On September 3, 2009, WJOW changed its format to active rock, branded as "QWiK Rock 105.9" under the WQCK call sign. The line-up featured Todd and Troy Craig in the Morning (Troy was the former PD from the defunct 103.1 QWK Rock), 6am - 10am, Drew Shannon 10am - 3pm, AJ 3pm - 7pm, Andy Robb 7pm - midnight and Glennie B 12am - 6am.

==History of QWiK Rock==
After leaving the marketplace when being shut down at 103.1 FM by Forever Broadcasting, the active rock format, branded as "Qwik Rock", returned to the airwaves on September 3, 2009, at 5 p.m. on a frequency owned by Magnum Broadcasting Inc. The station seeks to recreate the sound of the original Qwik Rock from years gone by and it even features some of the names and voices from QWK 103.1.

"Quick Radio" began circa 1969 as an underground/progressive rock station. The first sign that its format was about to change may have been toward the end of 1970, when it held a call-in contest entitled "Quick Radio Sells Out!"

In 1989, WQWK (then broadcasting on 96.7 FM with a Top 40/CHR format) had a frequency switch to 97.1 FM. Shortly thereafter, the station format flipped to classic rock and the slogan changed to become "Lion Country's Home of Rock n' Roll". Today, classic rock is available with WBUS.

In 1993, then-WQWK owner TMZ Broadcasting acquired WIYQ (now WRKW) in Ebensburg from the Allegheny Mountain Network. TMZ dropped WIYQ's satellite-delivered oldies format to simulcast WQWK's programming over WIYQ, which took the call sign WQKK and the "Quick Rock" moniker.

In 2004, WQWK moved to 98.7 FM.

In 2006, WQWK moved to 103.1 FM, which was previously held by WBHV-FM.

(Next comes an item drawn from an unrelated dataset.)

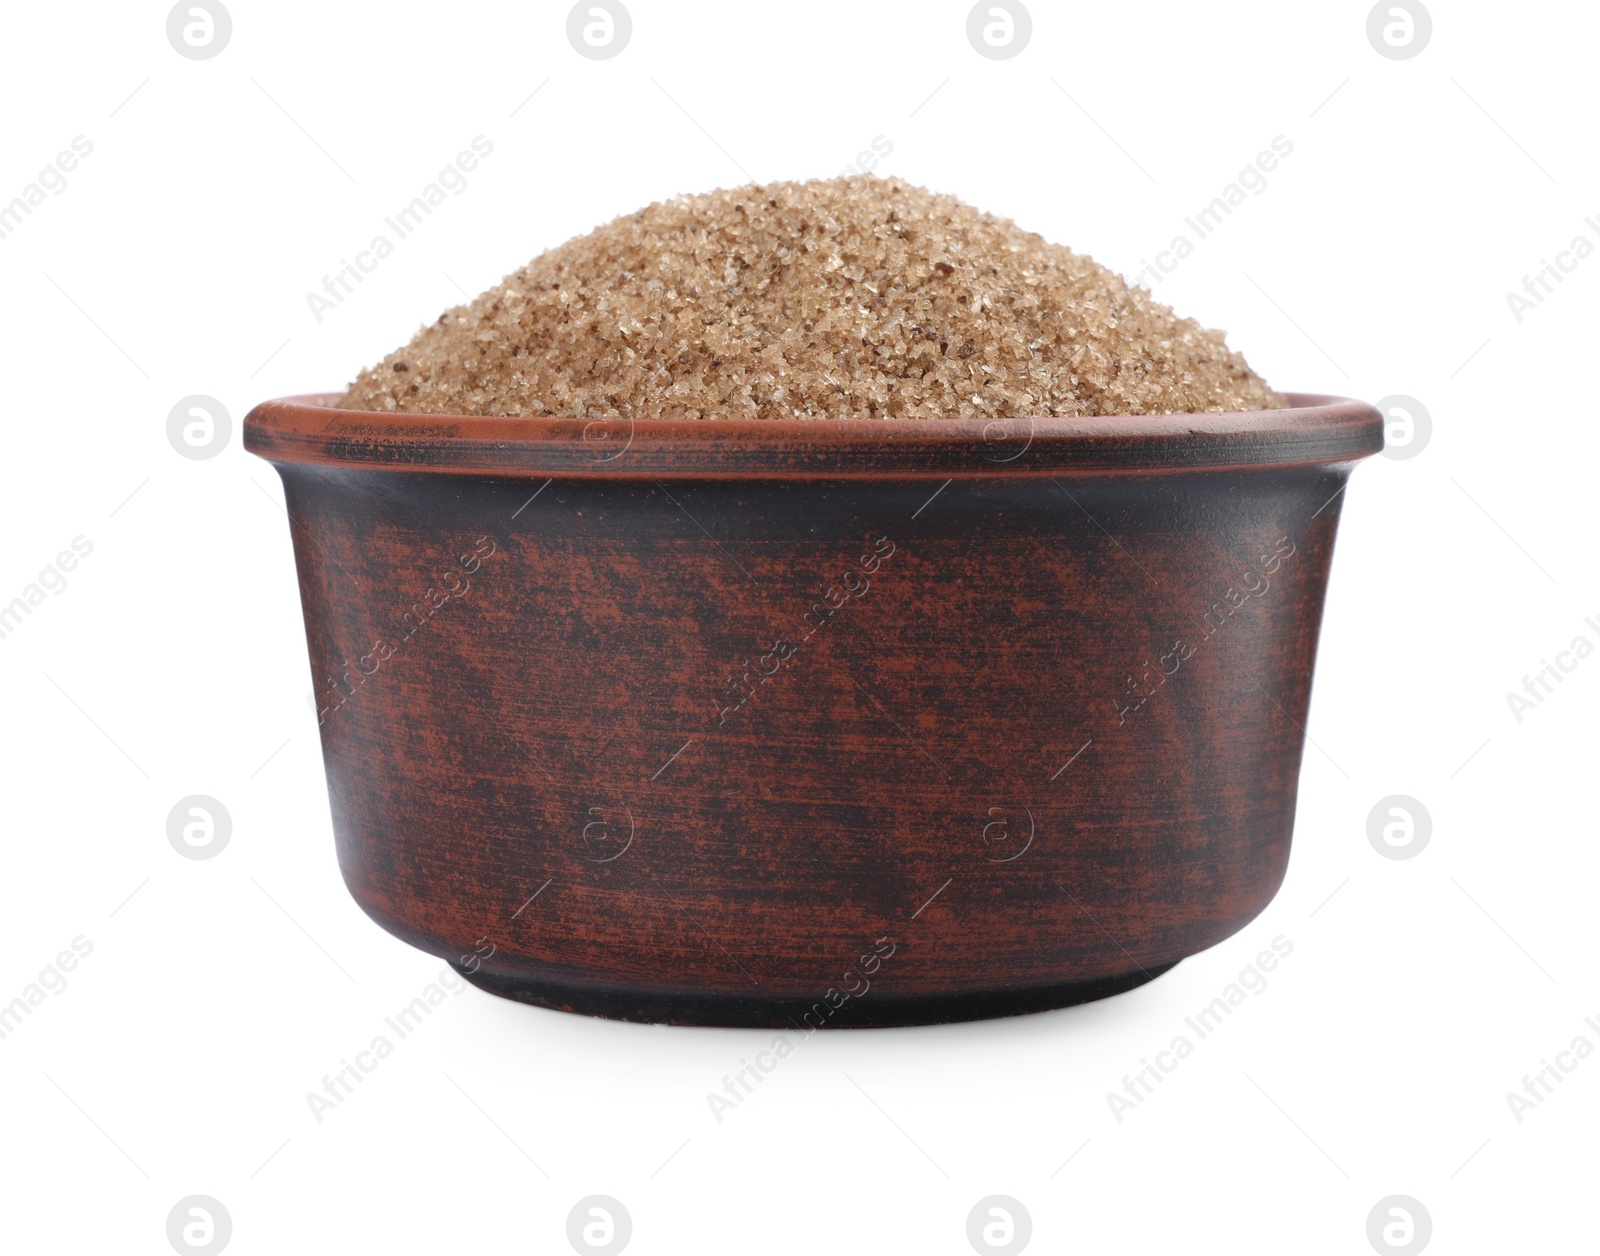 Photo of Brown salt in bowl isolated on white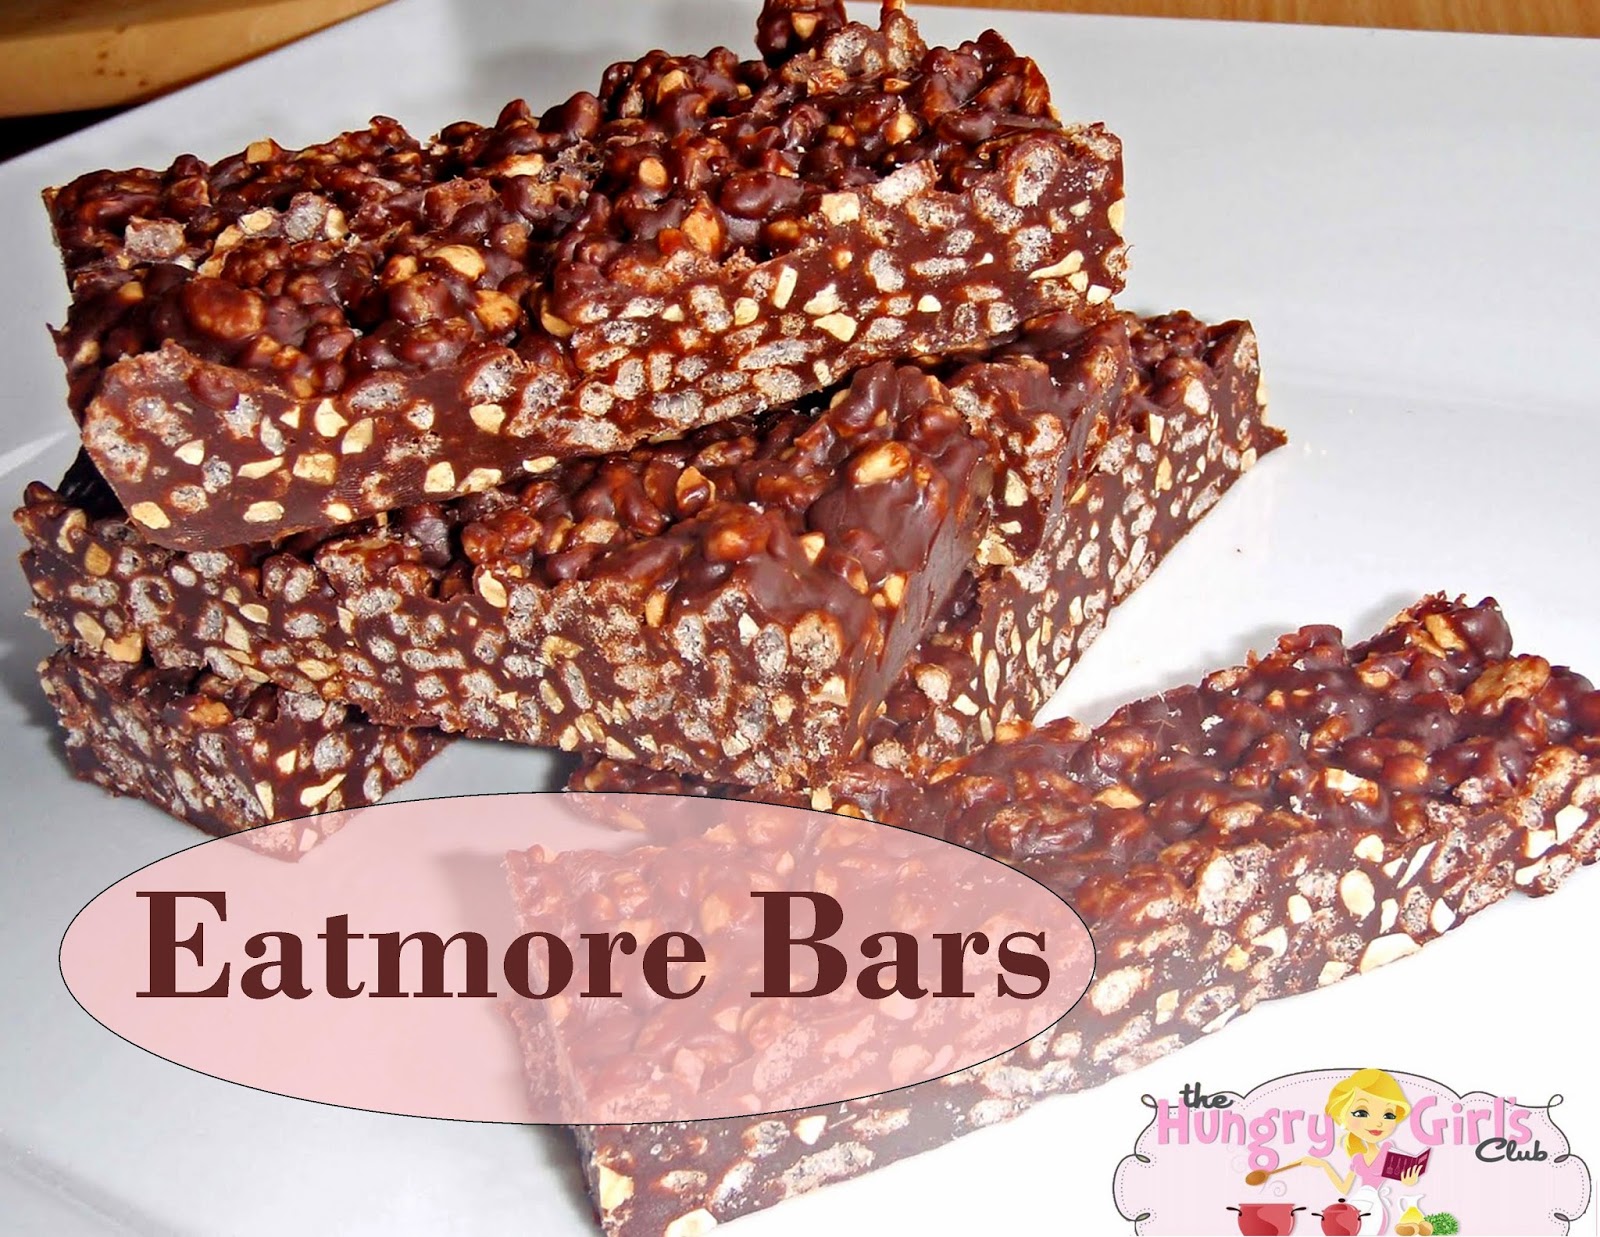 The Hungry Girl's Club: Eatmore Bars

When Forever Broadcasting took the station off-air in favor of talk radio, the WQWK call sign was moved to Forever's ESPN 1450, most likely just in case they ever decided to resurrect the station at a later date, but Magnum decided they could relaunch the station without its heritage calls and so one month to the day after the station went silent, it was reborn in a new spot on the dial.

Effective August 31, 2020, Magnum Broadcasting sold WQCK, two sister stations, and a translator to Jeffry and Mark Schlesinger's Schlesinger Communications, Inc. for $1.05 million.

In September 2022, WQCK-FM1 was surrendered to the FCC

On April 21, 2023, the station reinstated the WQWK call sign as it had become available after a market shakeup whereby Seven Mountains Media, who'd acquired the former Forever Broadcasting stations, ceased use of it in the market.